With Jupyter Notebooks, data scientists and developers using Python have had a de facto standard way of sharing documentation and executable code samples for quite a while now. In 2021, VSCode rolled out their new notebook experience for everyone. Consequently, developers started using this powerful new API to build more and more notebook extensions, with the Jupyter extension being the most popular.

VSCode with a notebook editor

VSCode with a Jupyter notebook editor

The Eclipse Theia IDE project supports VSCode extensions by emulating the VSCode extension API. The IDE framework project itself aims to be an extensible platform for building web and desktop IDEs. It’s used by adopters such as Arduino, ARM, Smartface and VUEngine for custom built IDEs.

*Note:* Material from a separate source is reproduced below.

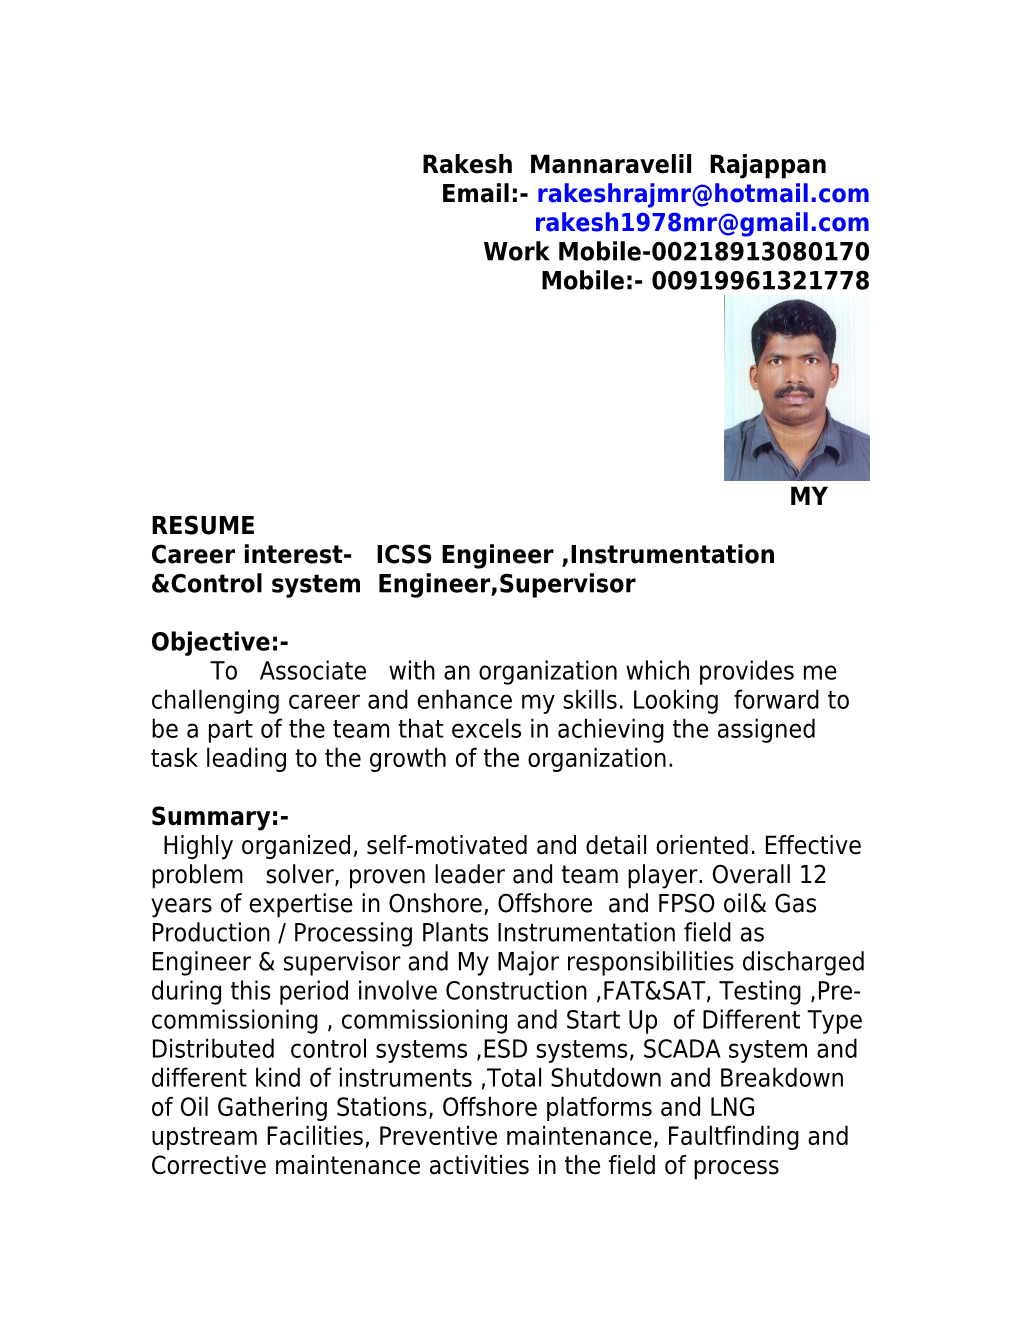 Career Interest- ICSS Engineer ,Instrumentation Control System Engineer,Supervisor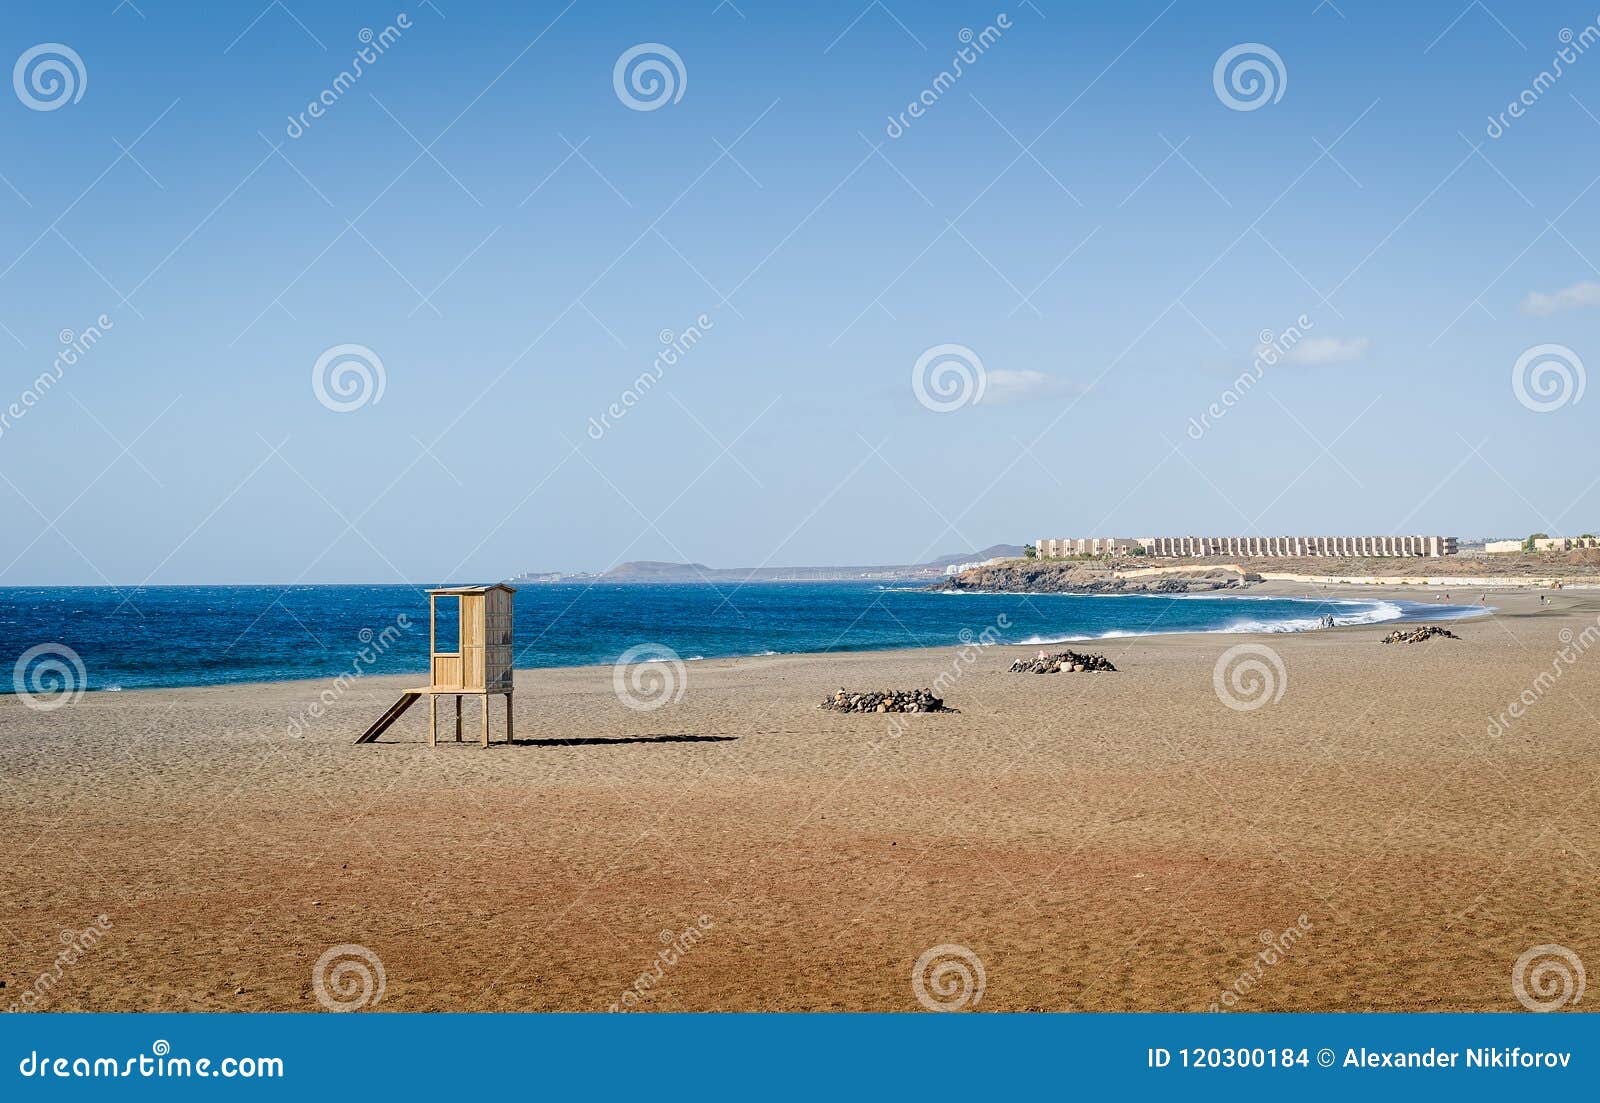 playa de tejita sand beach at tenerife island

Even though the initial support for VSCode extensions back in 2019 was major endeavour, maintaining support for newer versions of VSCode required relatively little maintenance work. However, large new features – like the notebook support – are a different story. Even in the VSCode open source project itself, it takes up more than 30.000 lines of code. Therefore, the notebook API was simply stubbed in VSCode extension emulation code for the longest time. Extensions that wanted to use the API didn’t crash – but they also didn’t really do anything.

Wait a second…

Wasn’t there already a integrated solution for Jupyter notebook files in VSCode before 2021? Well yes, before VSCode had native notebook support, there already was a Jupyter extension for VSCode that provided a Jupyter-Notebook-like experience for .ipynb files. Back then, this was implemented using the webview API that provides an iframe to display any website inside of a VSCode editor tab. This already worked really well and had fantastic support in the Theia project, since the webview API is supported in there.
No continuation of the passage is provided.